Task statement:
Apart from pictures, transcribe exactly each line from the one containing "Charles Bentley Retro" through the final line of the listing below.

Dataset content:
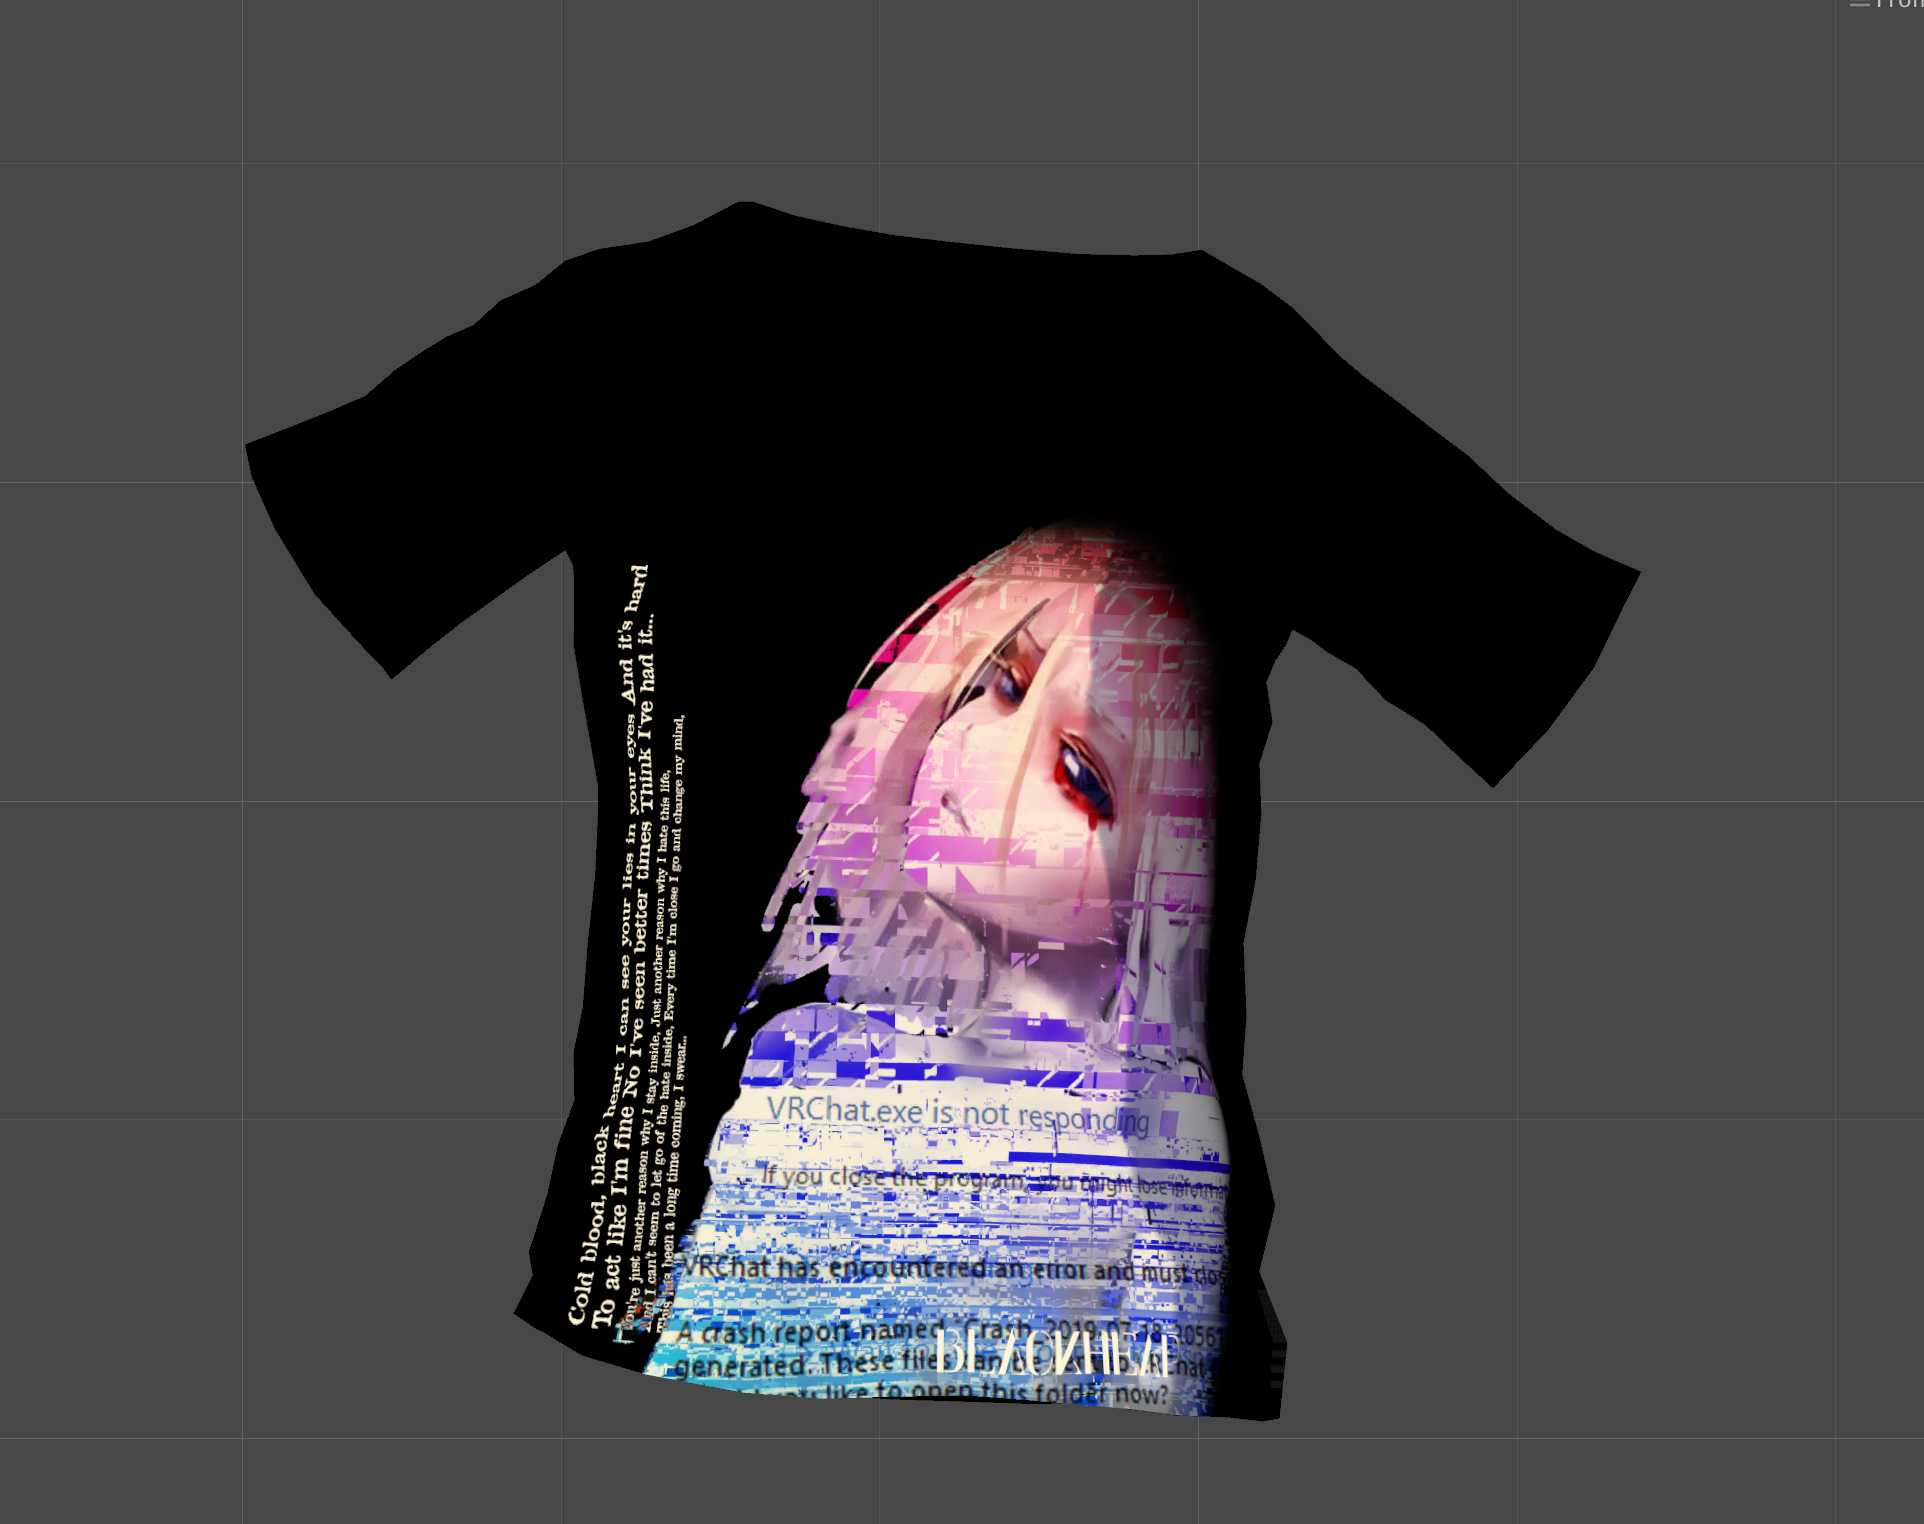 VRCMods - [Shirt] BlackHeart 1 - VRChat Avatars
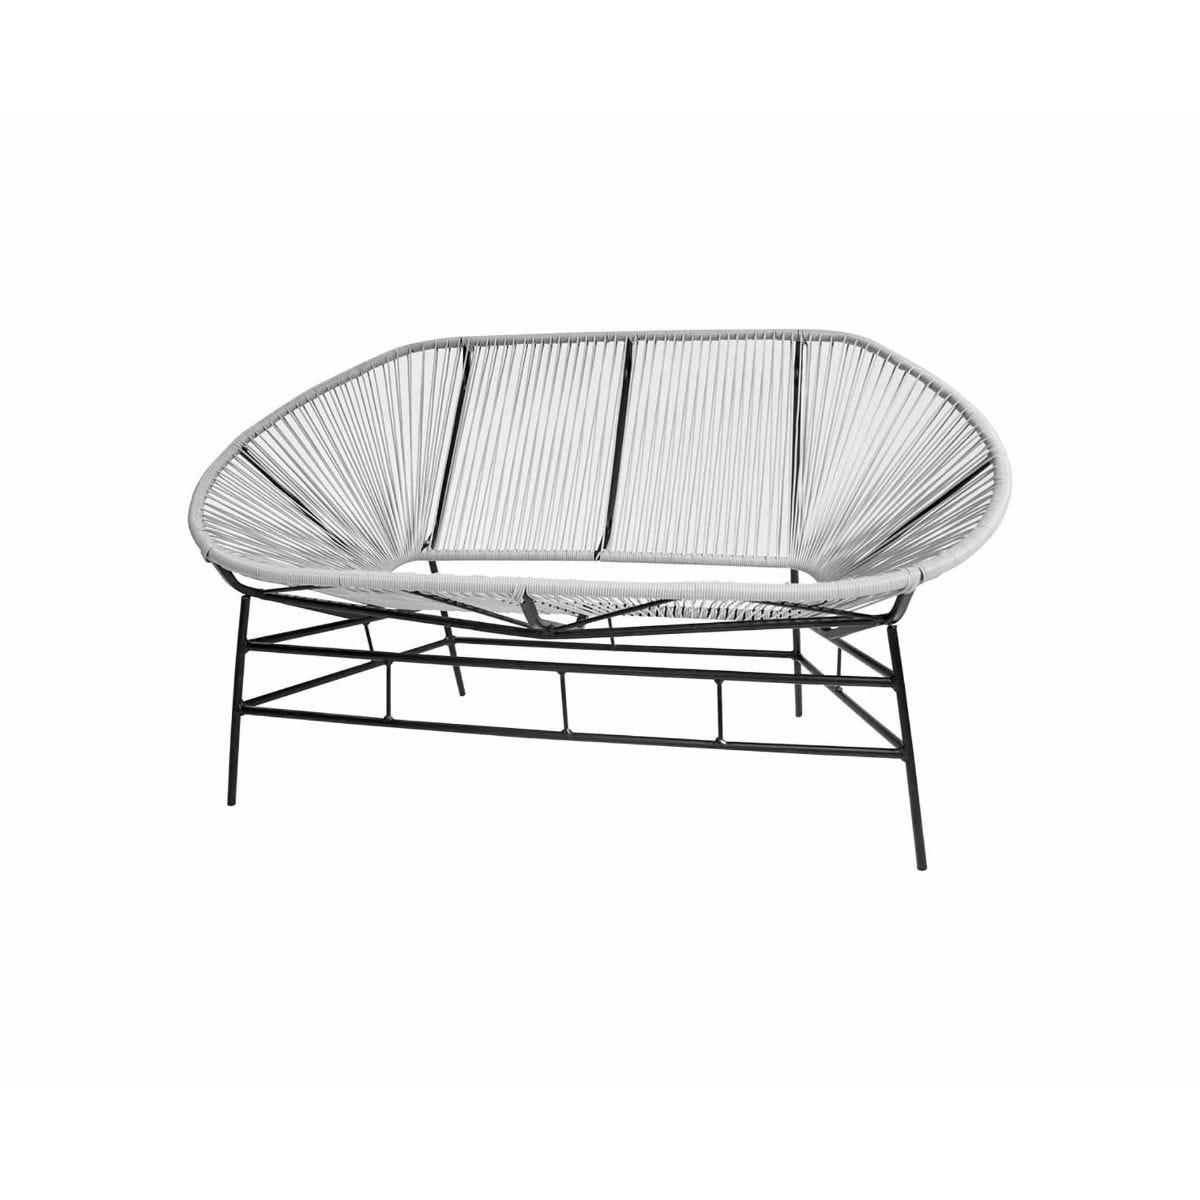 Charles Bentley Retro Rattan Garden Bench, Grey
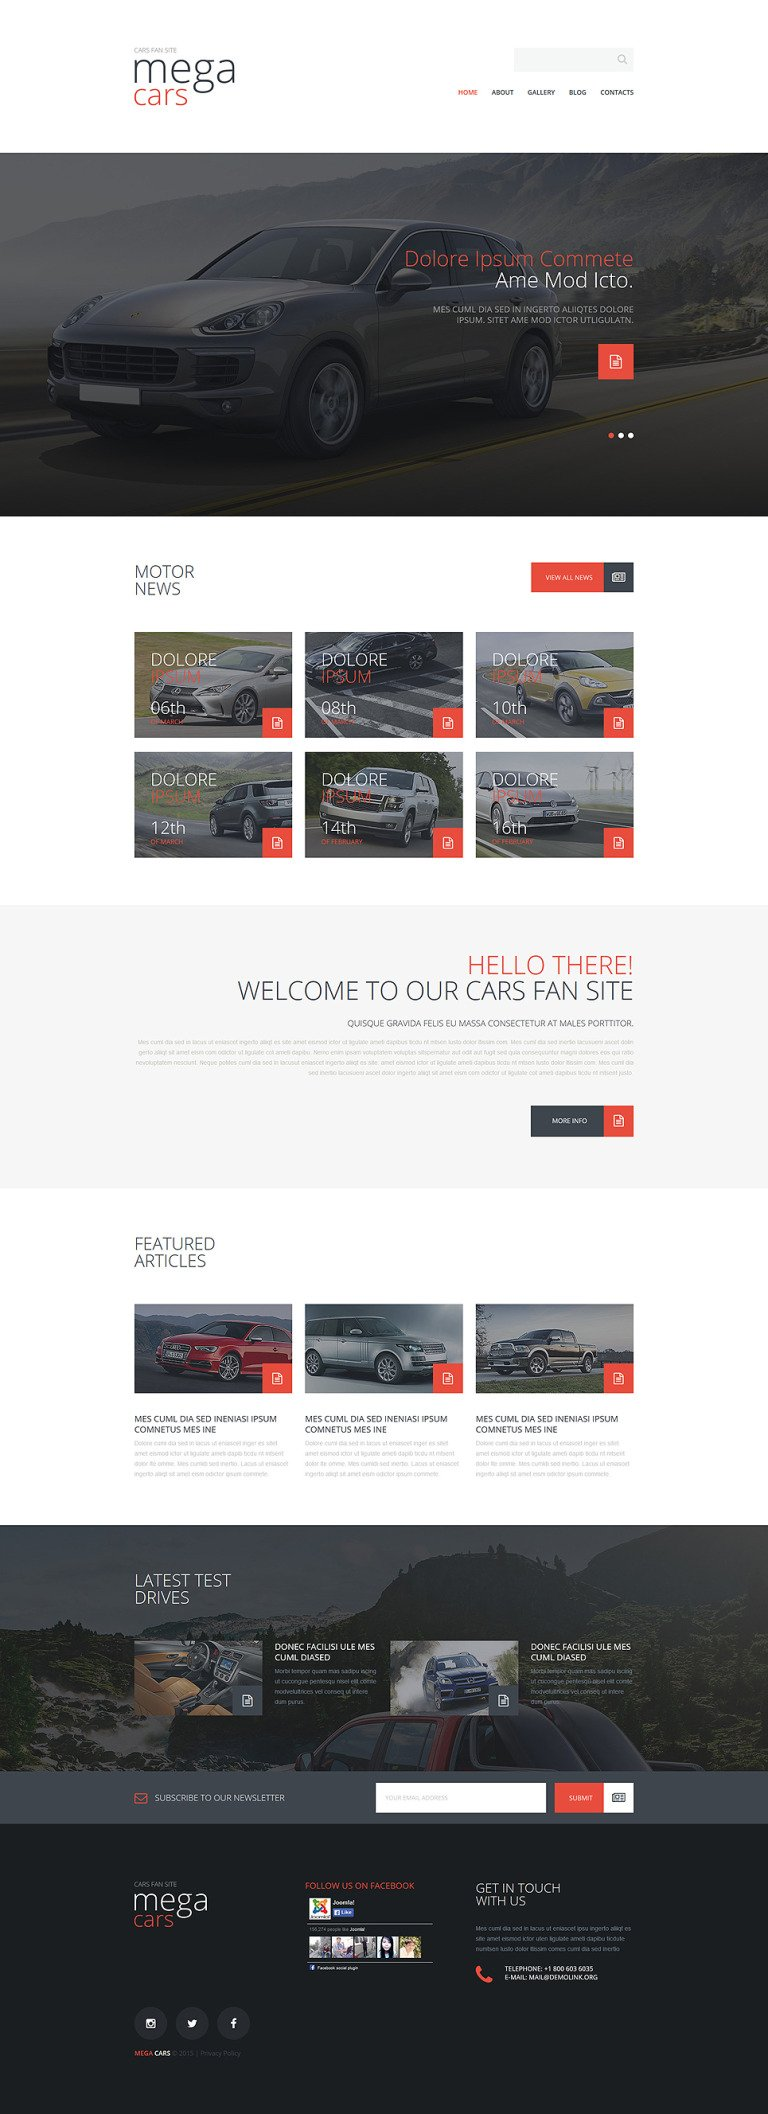 Cars Fan Site Joomla Template New Screenshots BIG
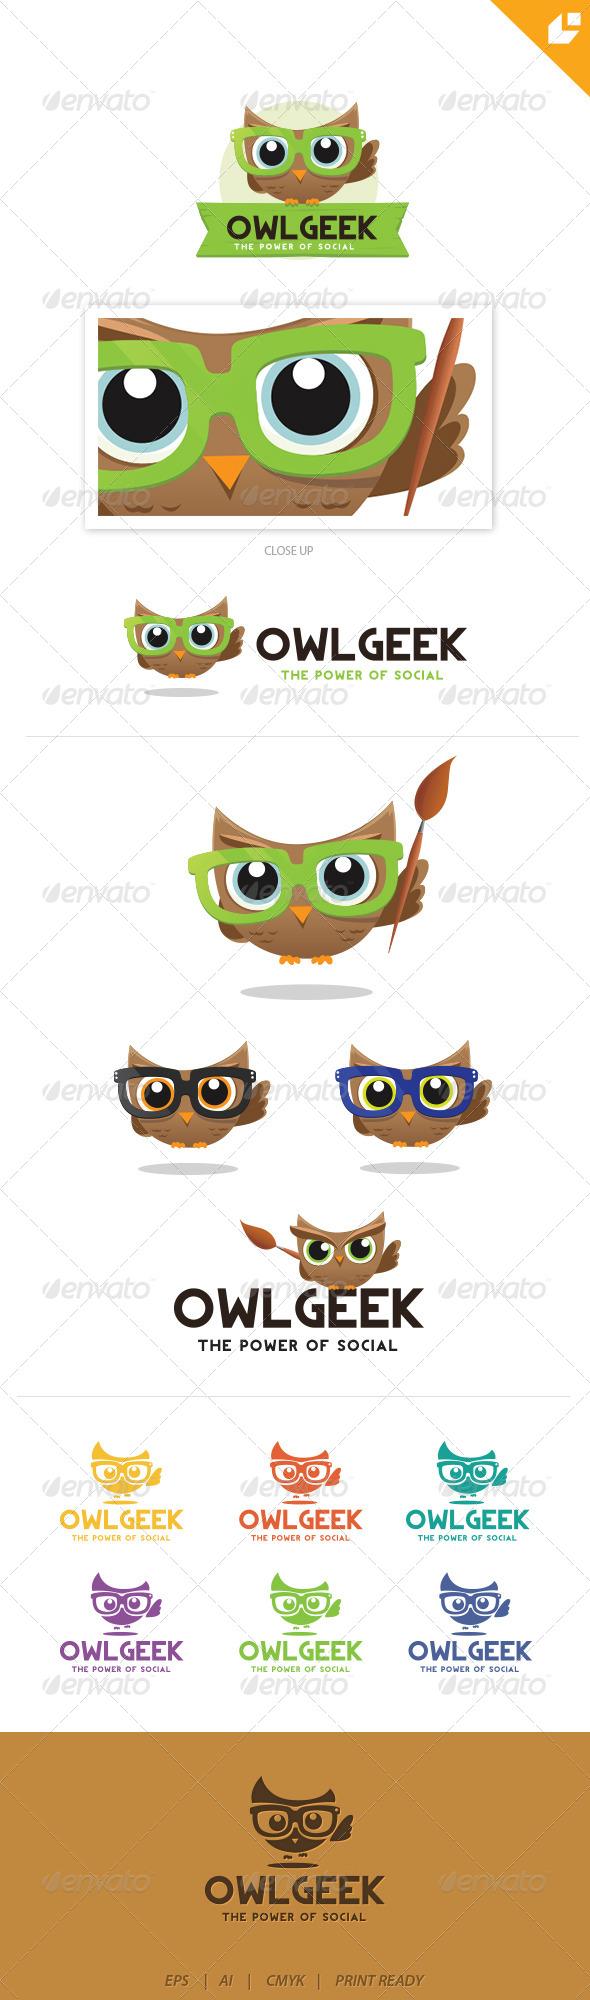 GraphicRiver Owl Geek Logo 4405601

Output:
 Charles Bentley Retro Rattan Garden Bench, Grey
 Cars Fan Site Joomla Template New Screenshots BIG
 GraphicRiver Owl Geek Logo 4405601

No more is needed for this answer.